The comment was evidently aimed at Romney, who has poured millions of dollars into the race, and whose supporting super PAC spent a large amount of money running attack ads on Gingrich in Iowa. Gingrich has said repeatedly that these ads played a major role in his poor performance in the caucuses, something it appears he is still smarting over.

At the debate this morning, he went after Romney on the subject, saying, “I wish you would calmly and directly state it is your former staff running the PAC. It is your millionaire friends giving to the PAC.”

Gingrich has significantly less money than his front-runner opponent, as do the super PACs supporting him — a fact he has acknowledged in his stumping. At an anti-Romney town hall he held on Thursday, Gingrich told the crowd, “I don’t have their kind of money.

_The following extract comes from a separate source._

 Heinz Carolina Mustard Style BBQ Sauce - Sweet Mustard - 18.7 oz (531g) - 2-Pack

But if I have you as supporters, I can have human beings who offset every vicious negative ad.”

To allow “normal, middle class candidates,” like himself, presumably, to compete more effectively with a millionaire candidate like Romney, Gingrich said, an election law should be passed that allows anyone to donate as much money as they wish to a campaign, as long as they report the sum that same day on the Internet.

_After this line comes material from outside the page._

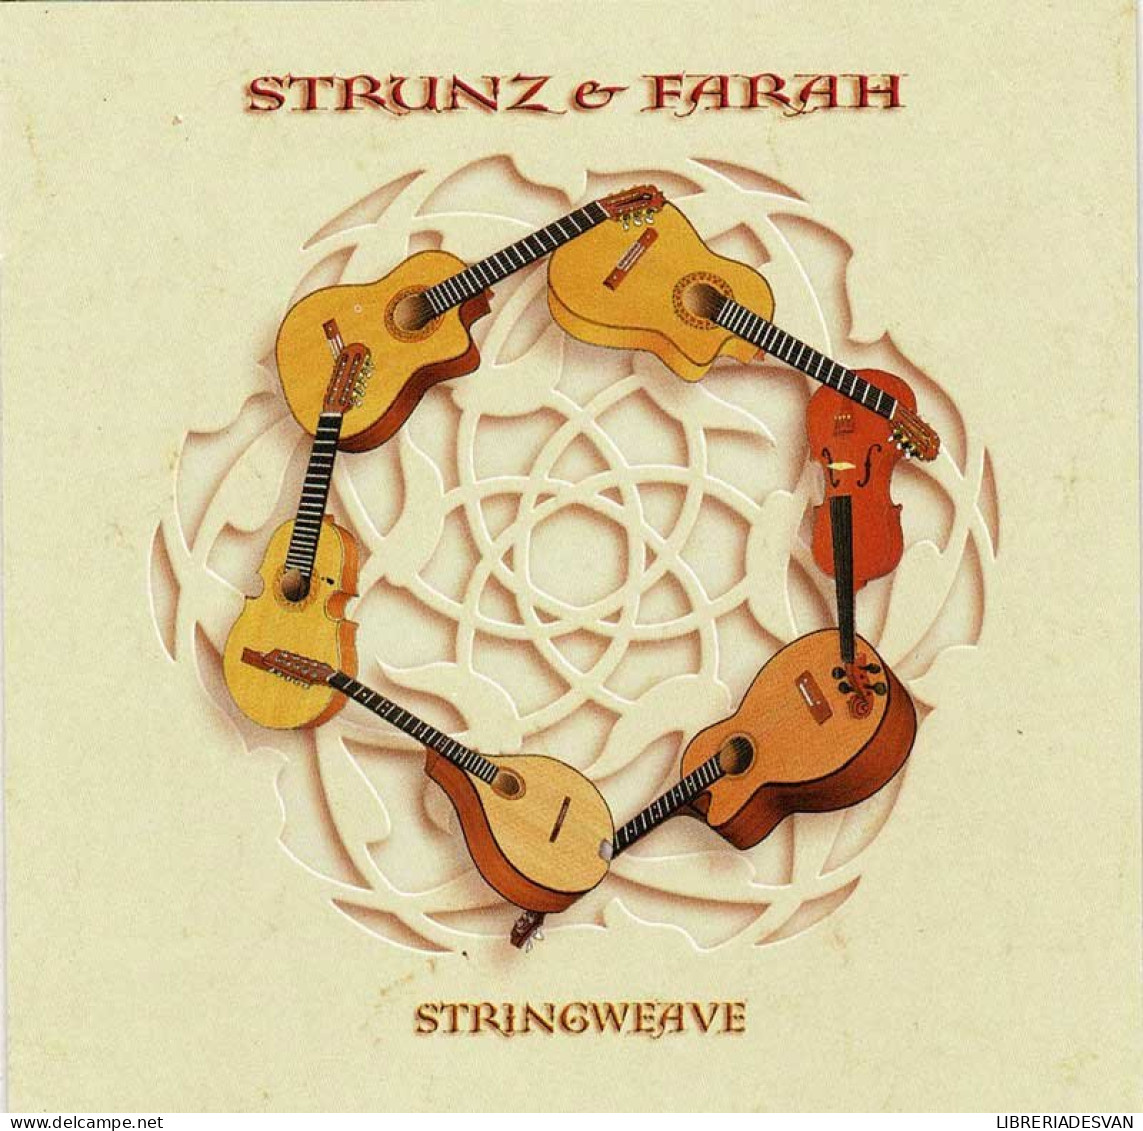 Strunz & Farah - Stringwave. CD - Other - Spanish Music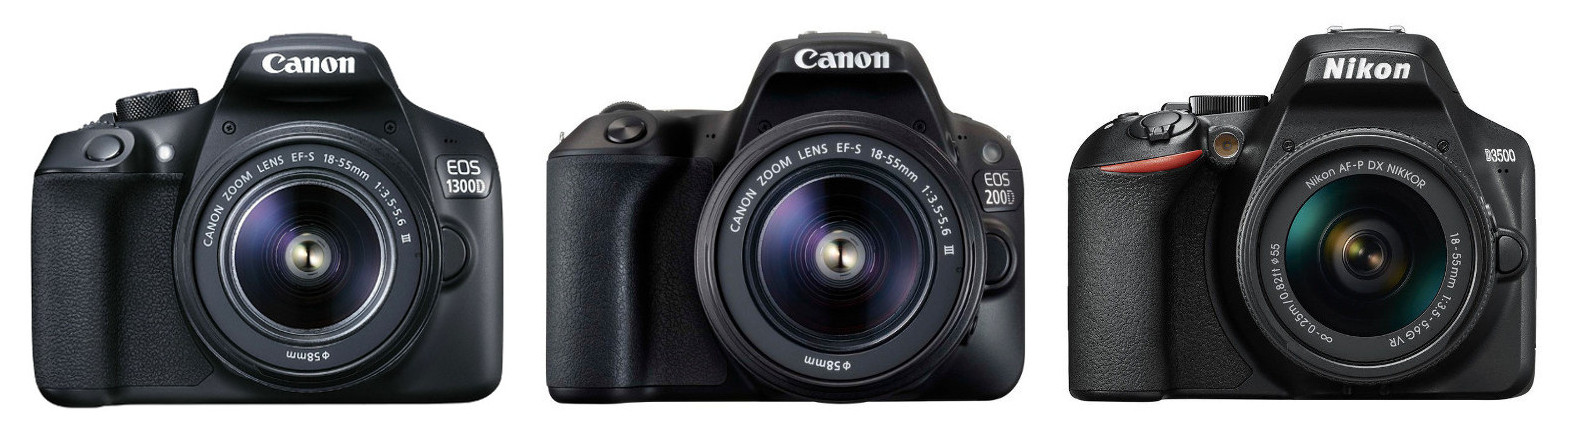 Nikon D3500, Canon 200D, Canon 1300D

“What would happen is normal middle class candidates would suddenly find that they could find fairly wealthy people who didn’t like the incumbent, and those fairly wealthy people could fund a really big campaign. And you would suddenly have equality between incumbents and challengers, and I think it would make for a much healthier system,” Gingrich said.

Gingrich also went after Romney for comments in the debate on Sunday that “you shouldn’t run if you have to win in order to pay your mortgage,” something Romney said his dad had told him when the elder Romney was running for governor of Michigan.

That, Gingrich said, is “the opposite of the American tradition, historically. We want everyday normal people to be able to run for office, not just millionaires.”